7 out of 18 Property Types Yielded Positive Total Returns in January

38.9% of REIT property types averaged a positive total return in January. There was a 15.14% total return spread between the best and worst performing property types. Timber (+7.63%) and Industrial (+4.06%) had the strongest start to 2025. Single Family Housing (-7.51%) and Shopping Center REITs (-6.46%) started the year deep in the red.

Source: Table by Simon Bowler of 2nd Market Capital, Data compiled from S&P Global Market Intelligence LLC. See important notes and disclosures at the end of this article

Source: Table by Simon Bowler of 2nd Market Capital, Data compiled from S&P Global Market Intelligence LLC. See important notes and disclosures at the end of this article

The REIT sector as a whole saw the average P/FFO (2025Y) decrease 0.2 turns in January from 13.8x down to 13.6x. 50% of property types averaged multiple contraction, 44.4% averaged multiple expansion and 5.6% saw multiples hold steady in January. Land (32.1x), Data Centers (28.6x), Manufactured Housing (18.8x), Single Family Housing (18.3x) and Multifamily (17.1x) currently trade at the highest average multiples among REIT property types. Hotels (7.2x) and Office (9.1x) are the only property types that average single digit FFO multiples.

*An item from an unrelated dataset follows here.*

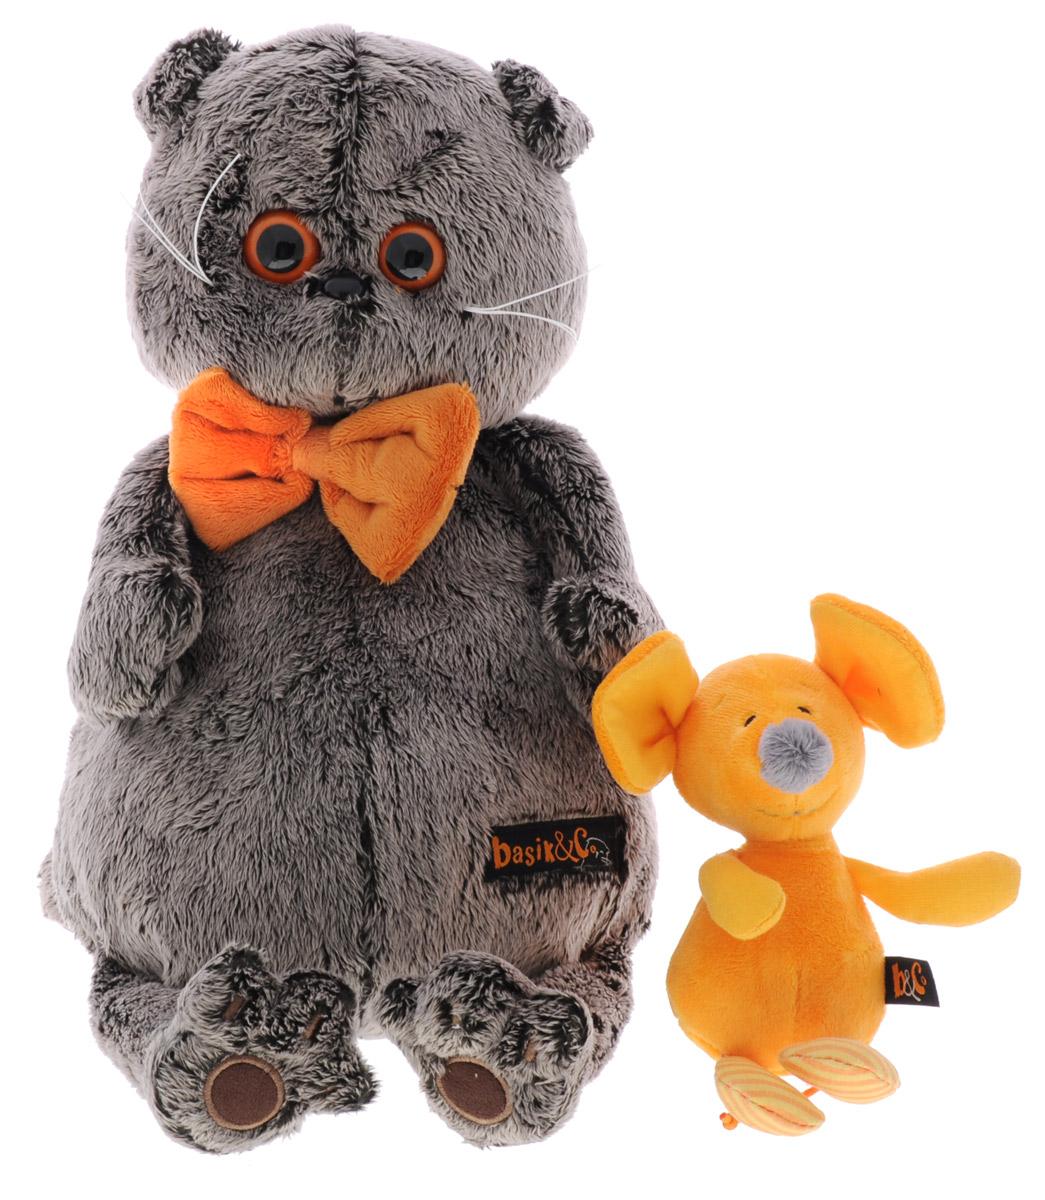 Мягкая игрушка Басик с мышкой Миленой 30 смKs30-052Мягкая игрушка Басик с мышкой Миленой подарит малышу немало прекрасных мгновений. Дети очень трепетно относятся к домашним животным, особенно они любят котов и собак и часто просят своих родителей приобрести им такого друга. Однако домашние питомцы не всегда хорошо влияют на детей - они могут поцарапать и даже вызвать аллергическую реакцию, поэтому приходят на помощь мягкие игрушки, очень похожие на настоящих питомцев. С этим шотландским вислоухим котиком можно играть, отдыхать и засыпать в обнимку, рассказывая свои секреты. У него плюшевая шерстка, которую так приятно гладить. У Басика круглые медовые глазки, маленькие ушки и черный носик. На Басике надета оранжевая бабочка на резинке. В комплекте с Басиком идет его подружка - оранжевая мышка Милена. Мягкие игрушки очень полезны для малышей, потому что весьма позитивно влияют на детскую нервную систему, прогоняя всевозможные страхи. Играя, малыш развивает фантазию и воображение, развивает...

Source: Table by Simon Bowler of 2nd Market Capital, Data compiled from S&P Global Market Intelligence LLC. See important notes and disclosures at the end of this article

Source: Table by Simon Bowler of 2nd Market Capital, Data compiled from S&P Global Market Intelligence LLC. See important notes and disclosures at the end of this article

Performance of Individual Securities

Medical Properties Trust (MPW) (+18.73%) outperformed all other equity REITs in a very event-filled month for the health care REIT. MPW’s long struggling tenant Prospect Medical Holdings finally filed for bankruptcy on January 11th and on January 31st MPW refinanced large loans that would have matured in 2025 and 2026 with new notes maturing in 2032.

Creative Media & Community Trust (CMCT) (-66.22%) plummeted in January. CMCT announced a 1-for-10 reverse stock split on the first trading day of the year, but the share price continued to rapidly collapse down toward the pre-split price.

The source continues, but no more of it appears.